# PROBLEM
Word for word, return each entry that follows, with every image removed.

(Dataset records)
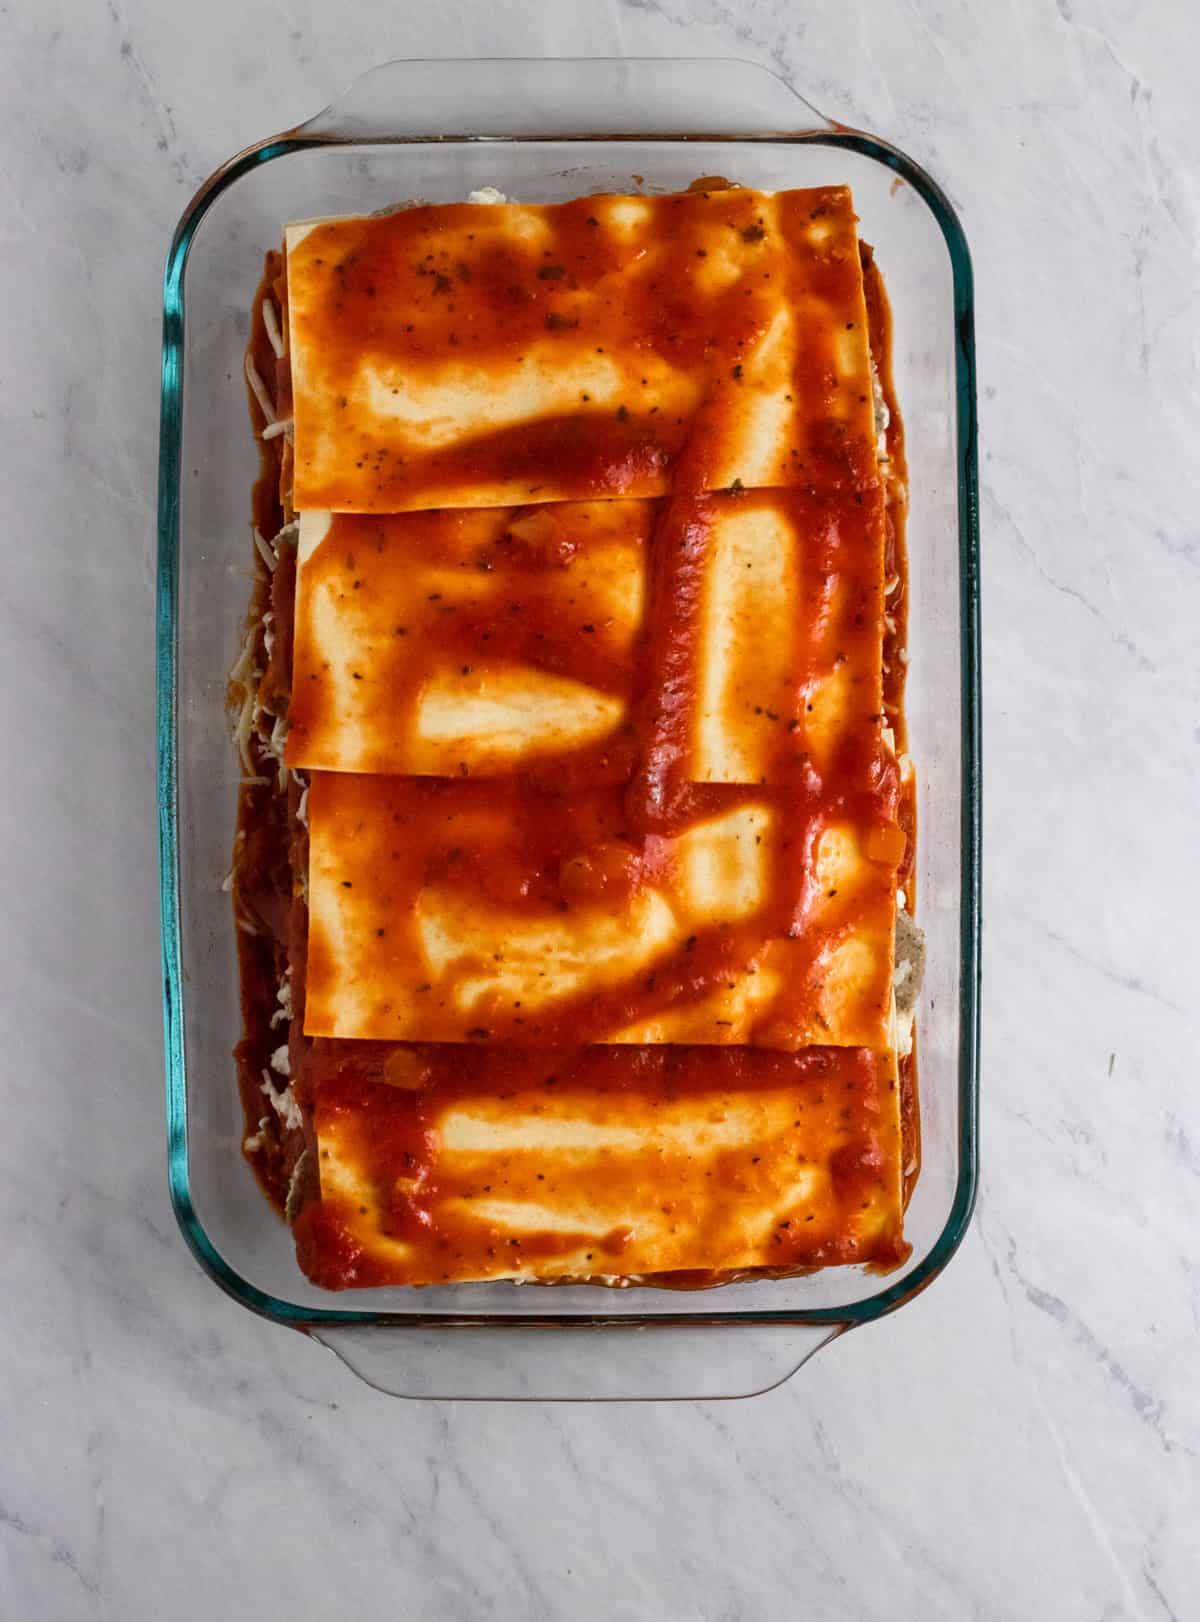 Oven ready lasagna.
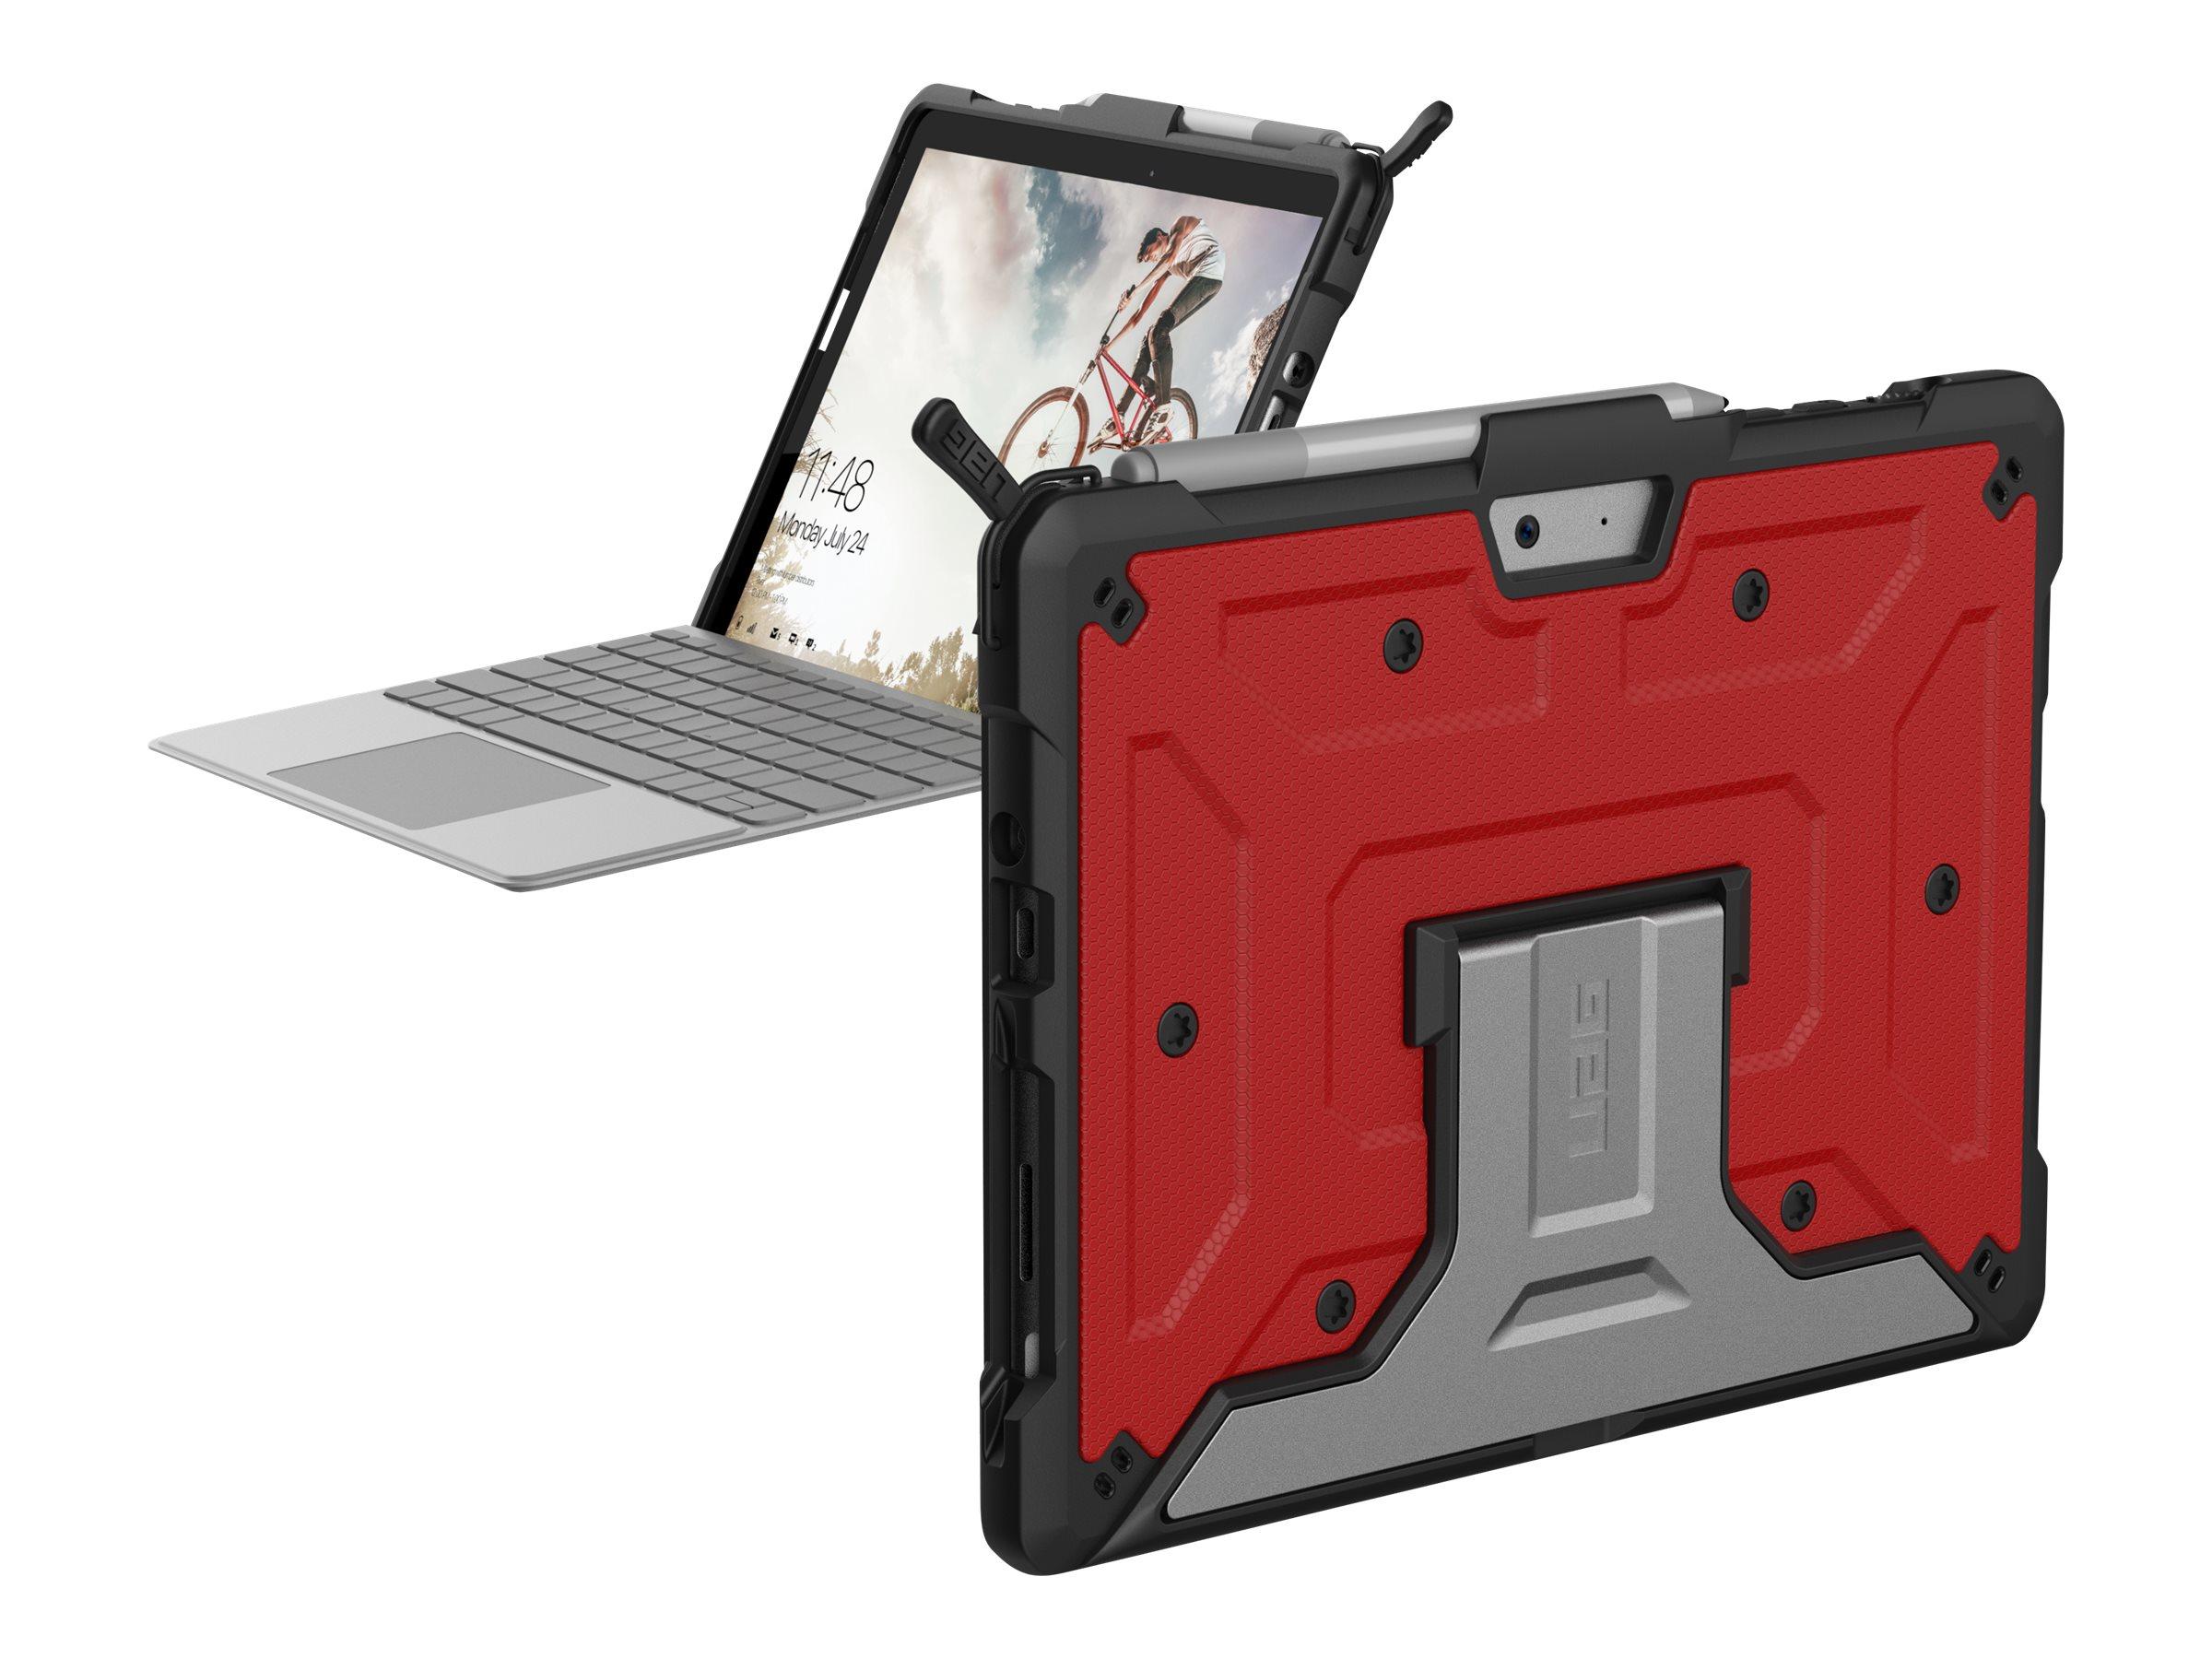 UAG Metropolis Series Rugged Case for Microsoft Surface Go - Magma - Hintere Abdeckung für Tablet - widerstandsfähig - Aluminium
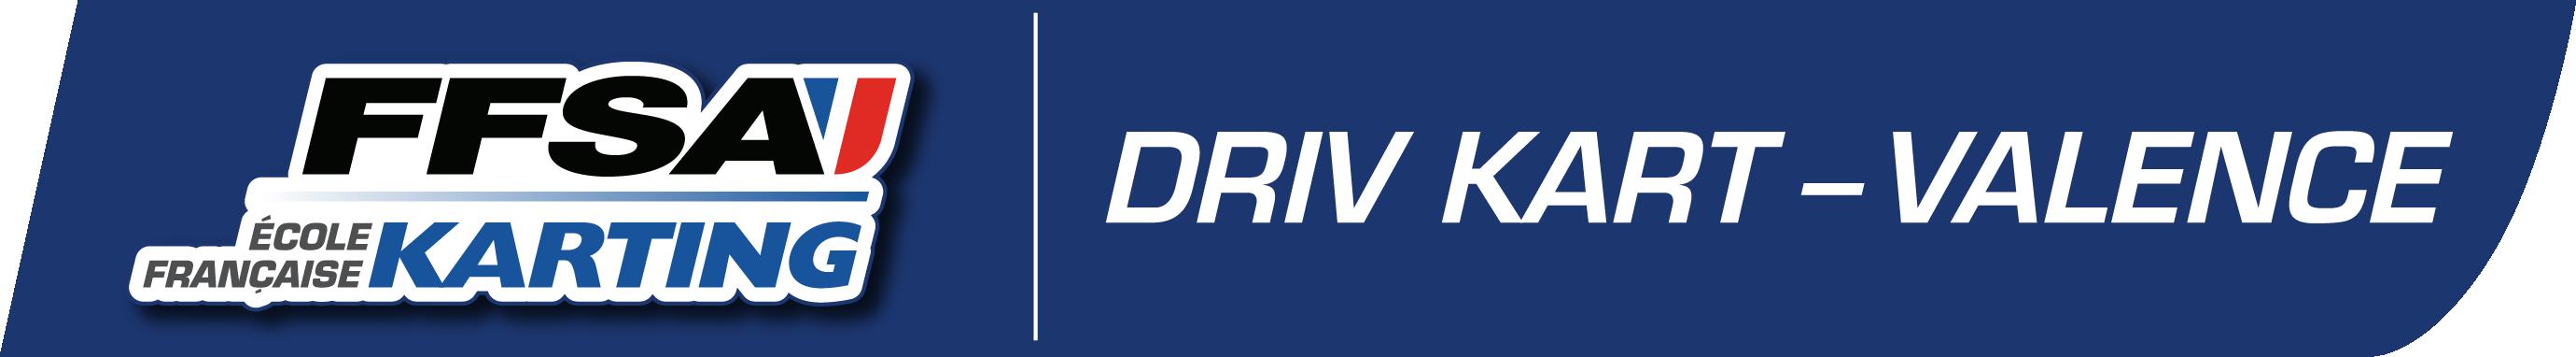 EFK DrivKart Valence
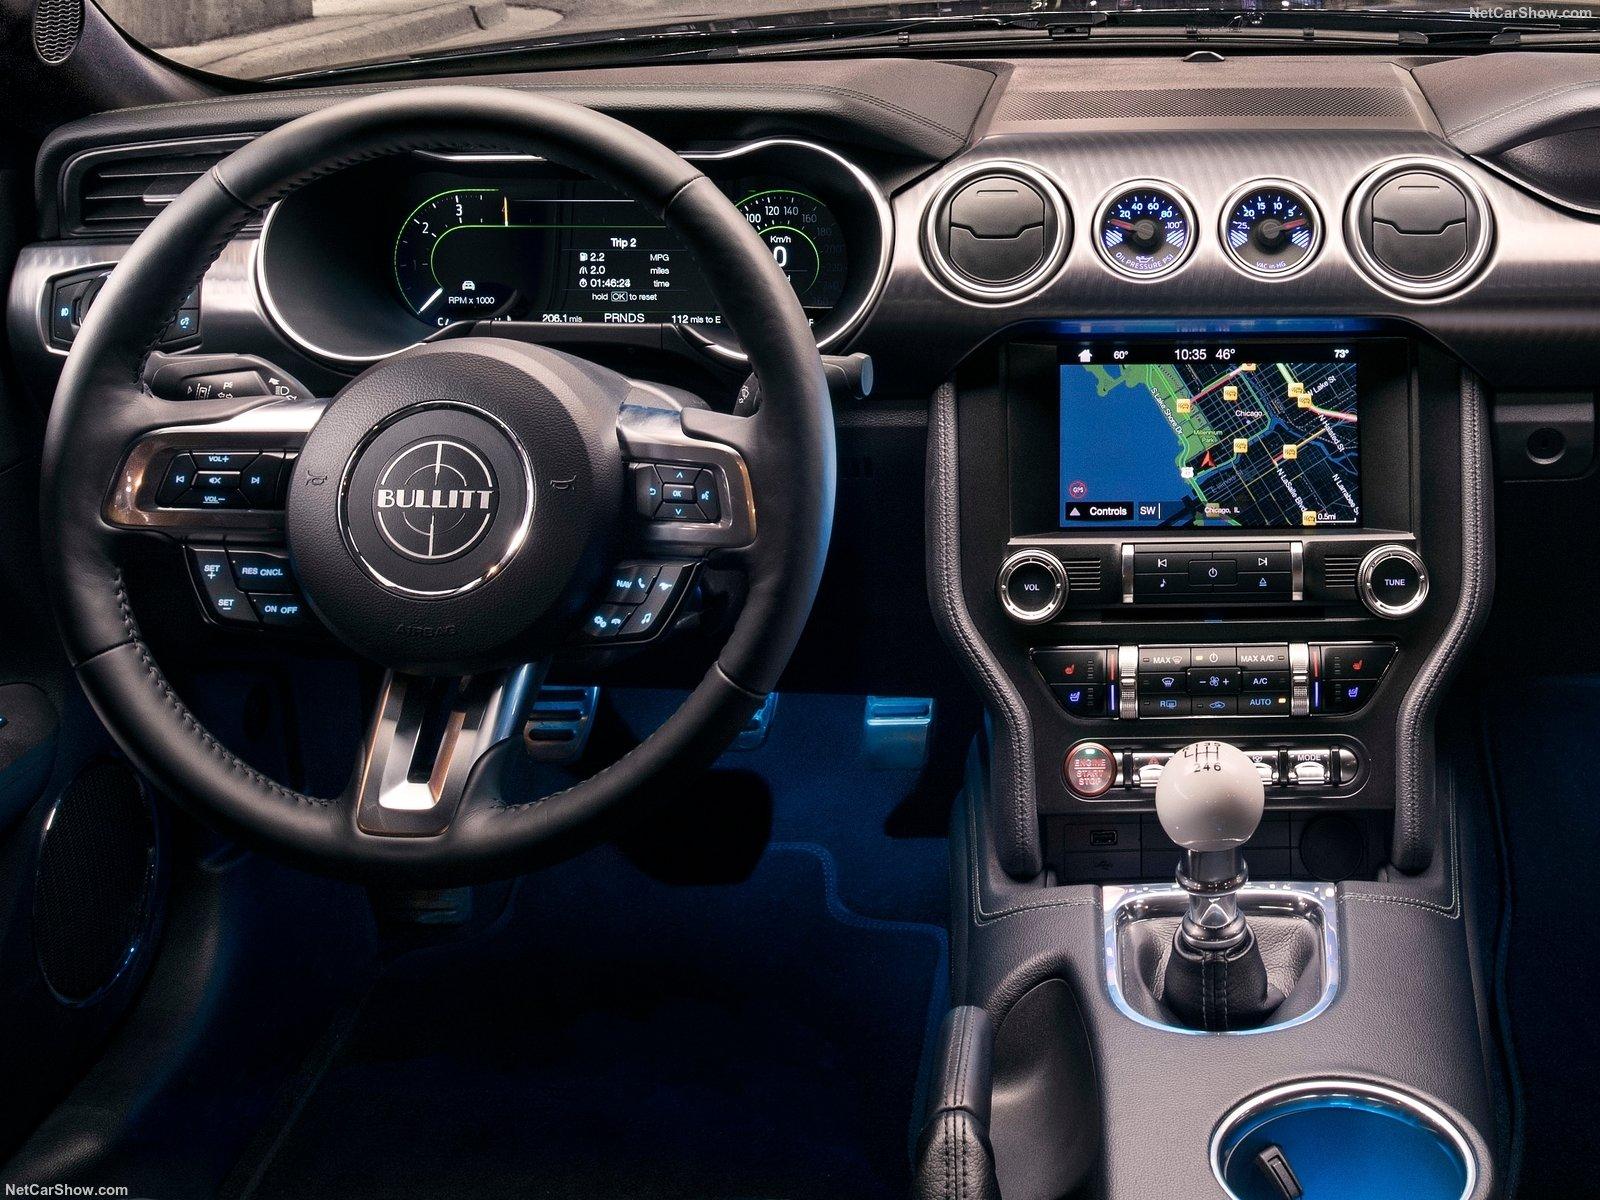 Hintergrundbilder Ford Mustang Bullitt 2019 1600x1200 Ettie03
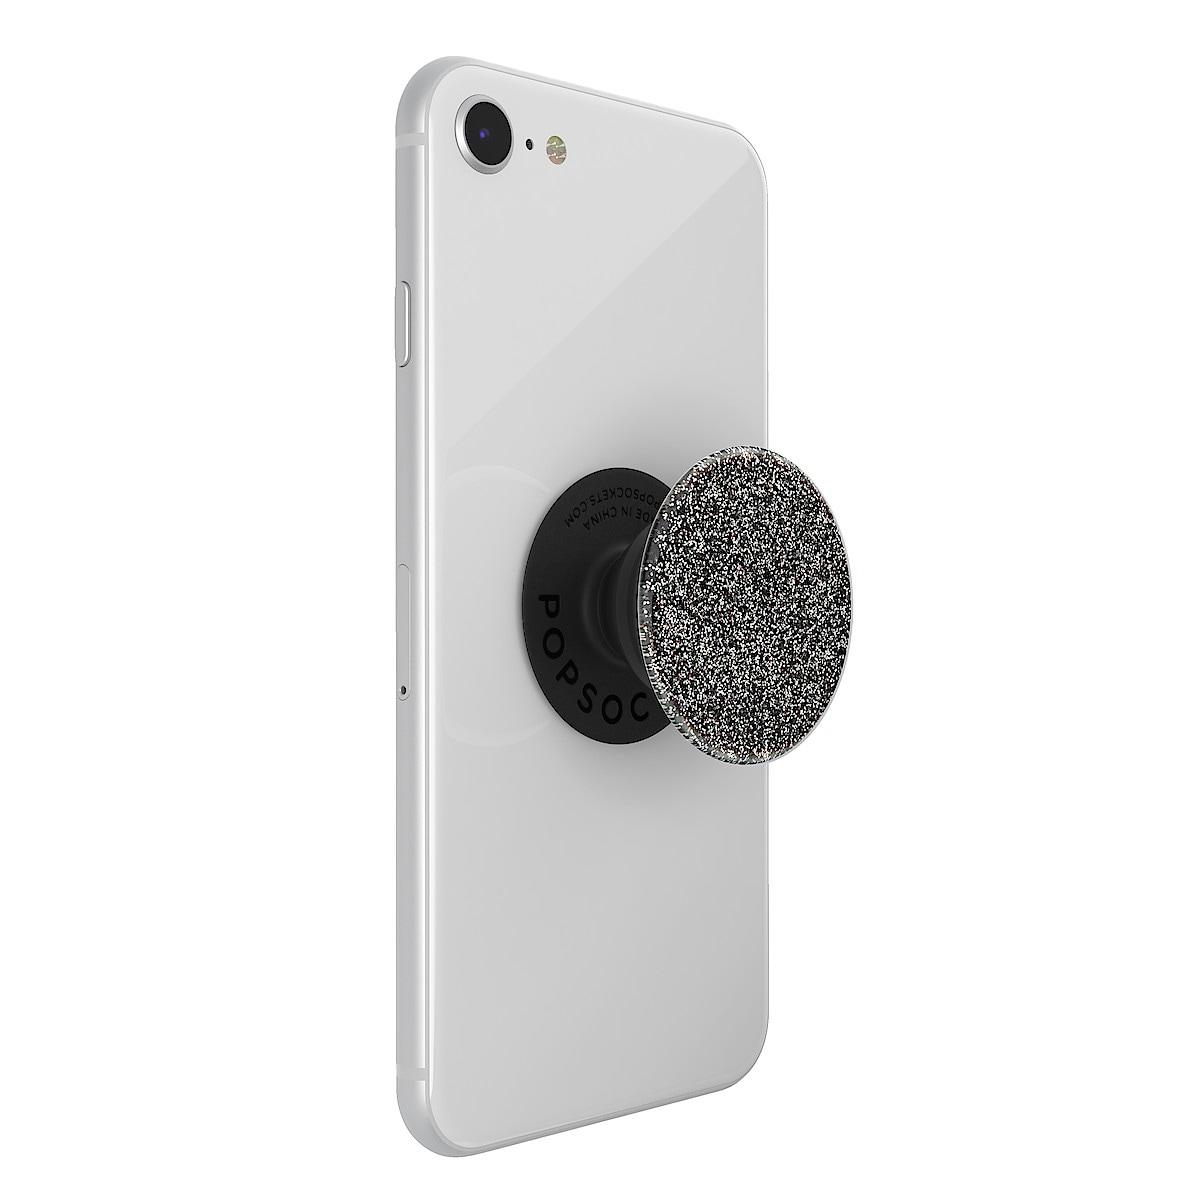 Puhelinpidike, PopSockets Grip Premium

# RESULT OF THE TASK
 Oven ready lasagna.
 UAG Metropolis Series Rugged Case for Microsoft Surface Go - Magma - Hintere Abdeckung für Tablet - widerstandsfähig - Aluminium
 EFK DrivKart Valence
 Hintergrundbilder Ford Mustang Bullitt 2019 1600x1200 Ettie03
 Puhelinpidike, PopSockets Grip Premium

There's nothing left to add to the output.